───── COLLECTED DATA ─────

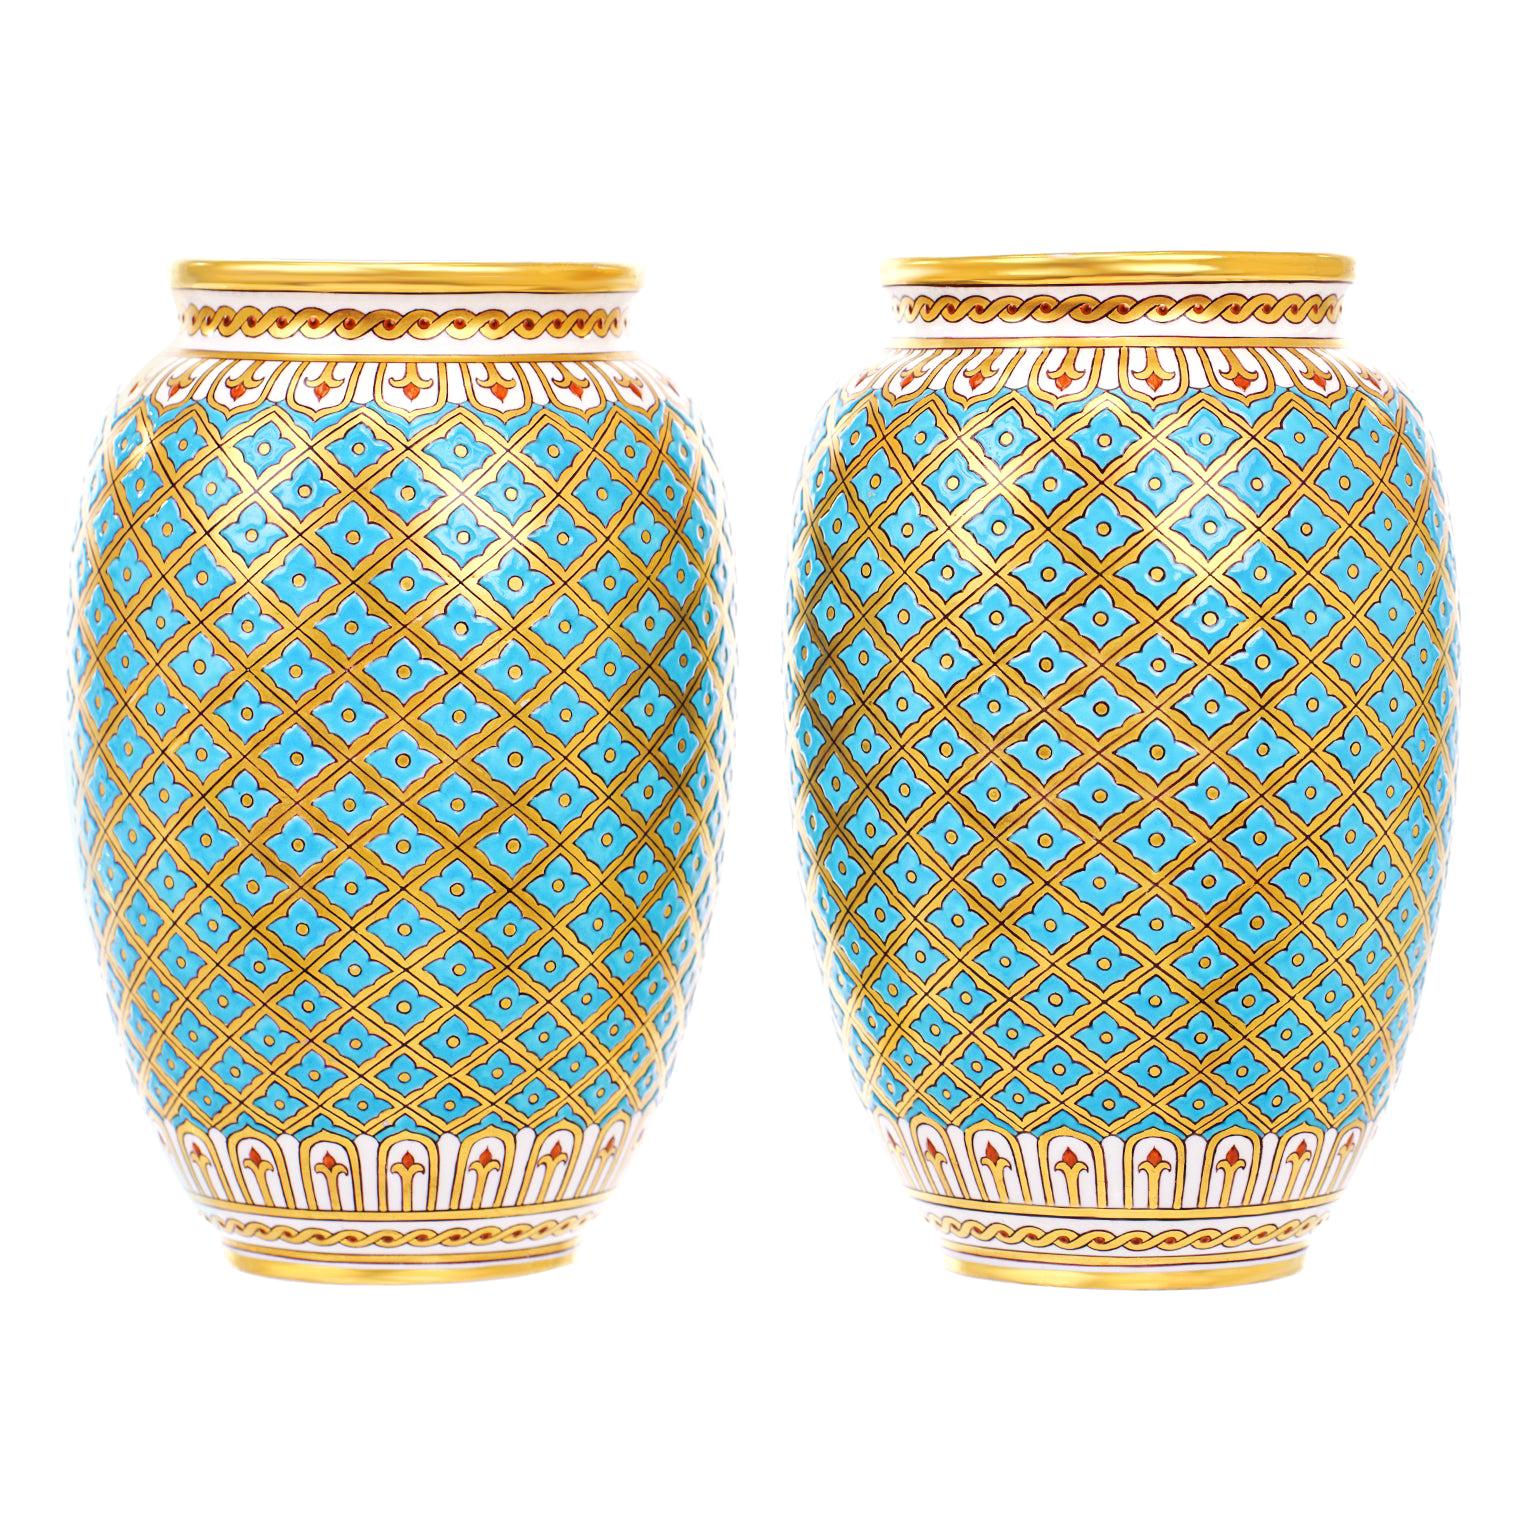 Gorgeous Pair of Minton Vases, circa 1880s, England
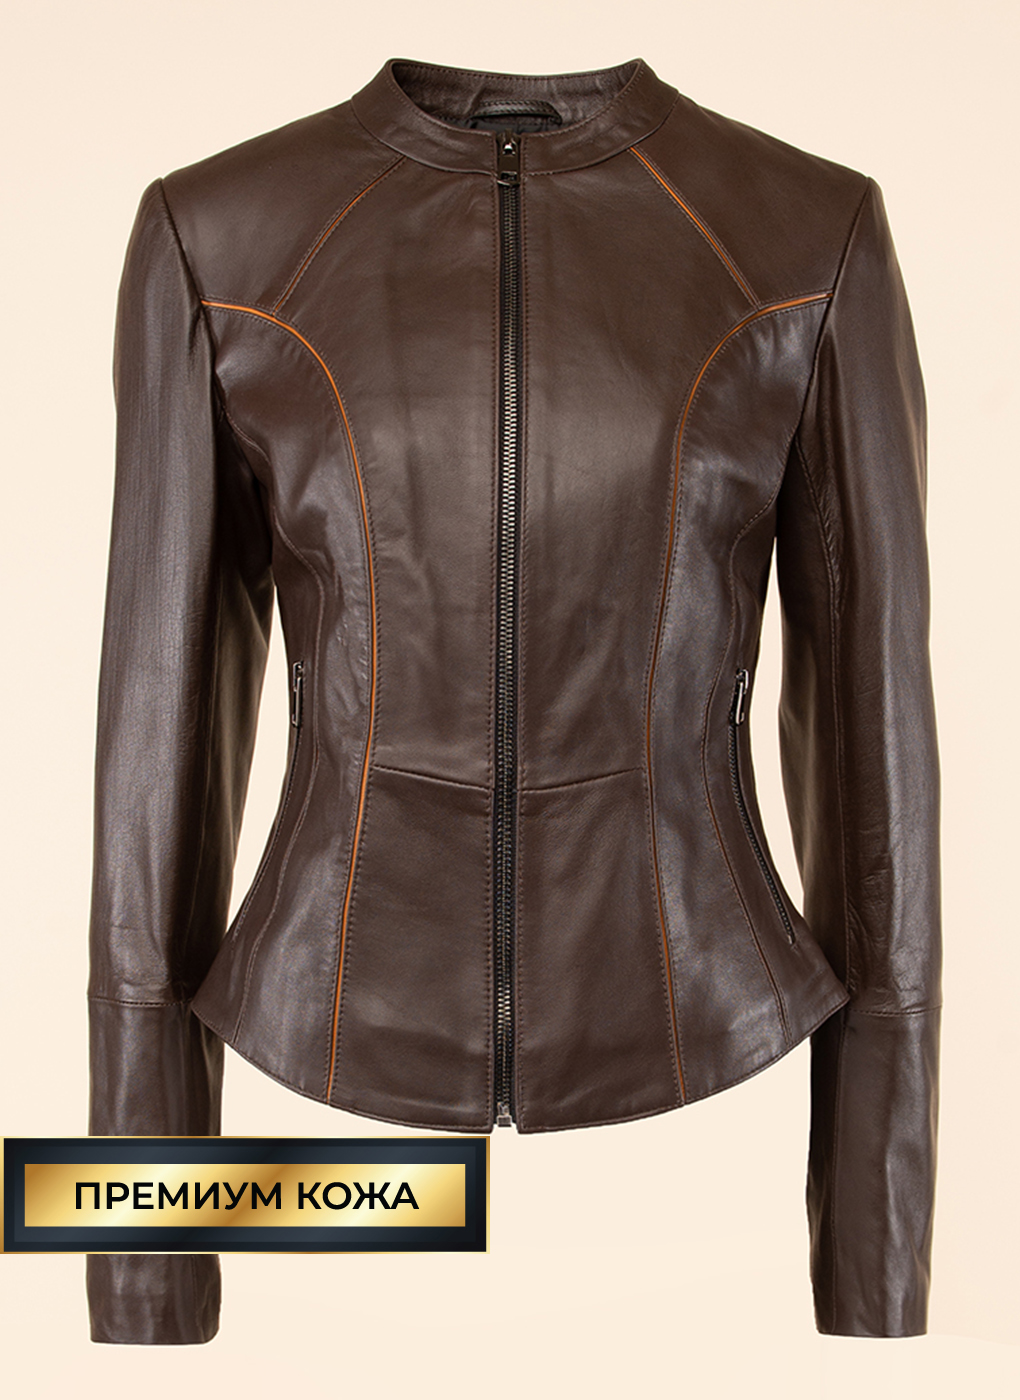 Кожаная куртка женская Каляев 53165 коричневая 50 RU
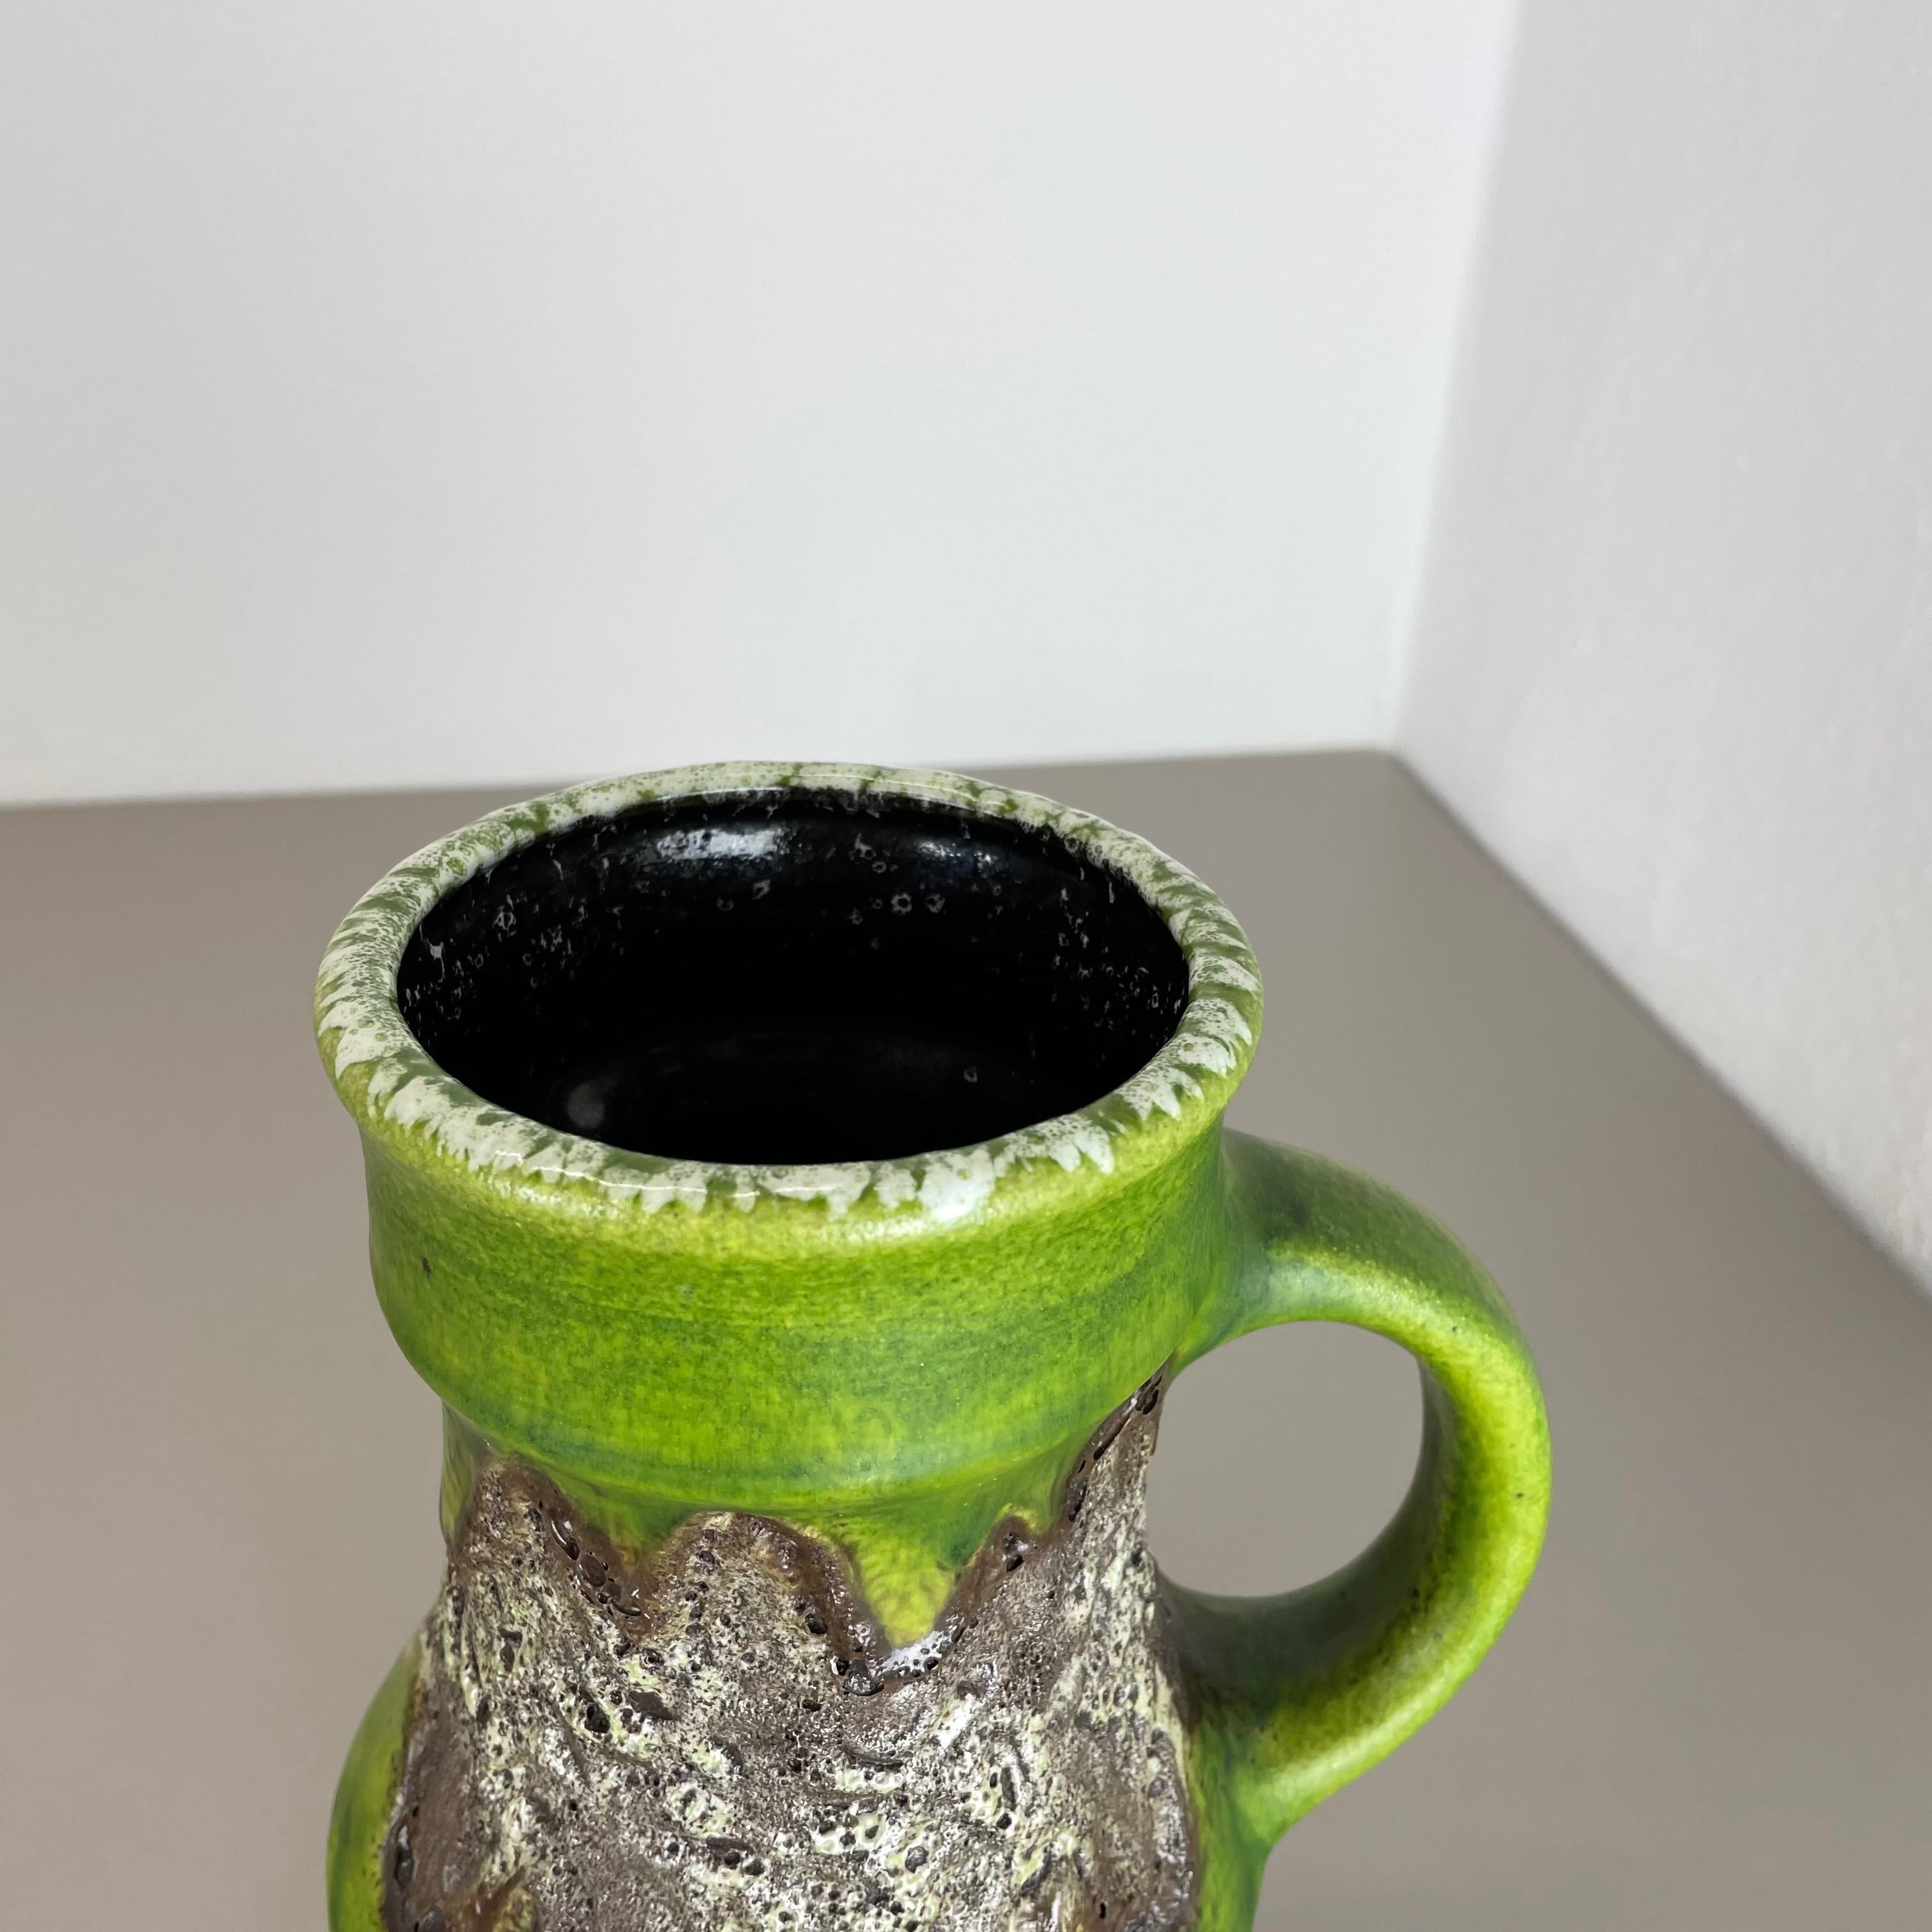 Rare Green Brutalist Fat Lava Ceramic Vases by Dümler and Breiden Germany, 1970s For Sale 1

─────

_YOUR INSTRUCTIONS_.
Please copy out the material above exactly, with the images removed.

_SOLUTION FOR THIS PROBLEM_.
 Gorgeous Pair of Minton Vases, circa 1880s, England
 Кожаная куртка женская Каляев 53165 коричневая 50 RU
 Rare Green Brutalist Fat Lava Ceramic Vases by Dümler and Breiden Germany, 1970s For Sale 1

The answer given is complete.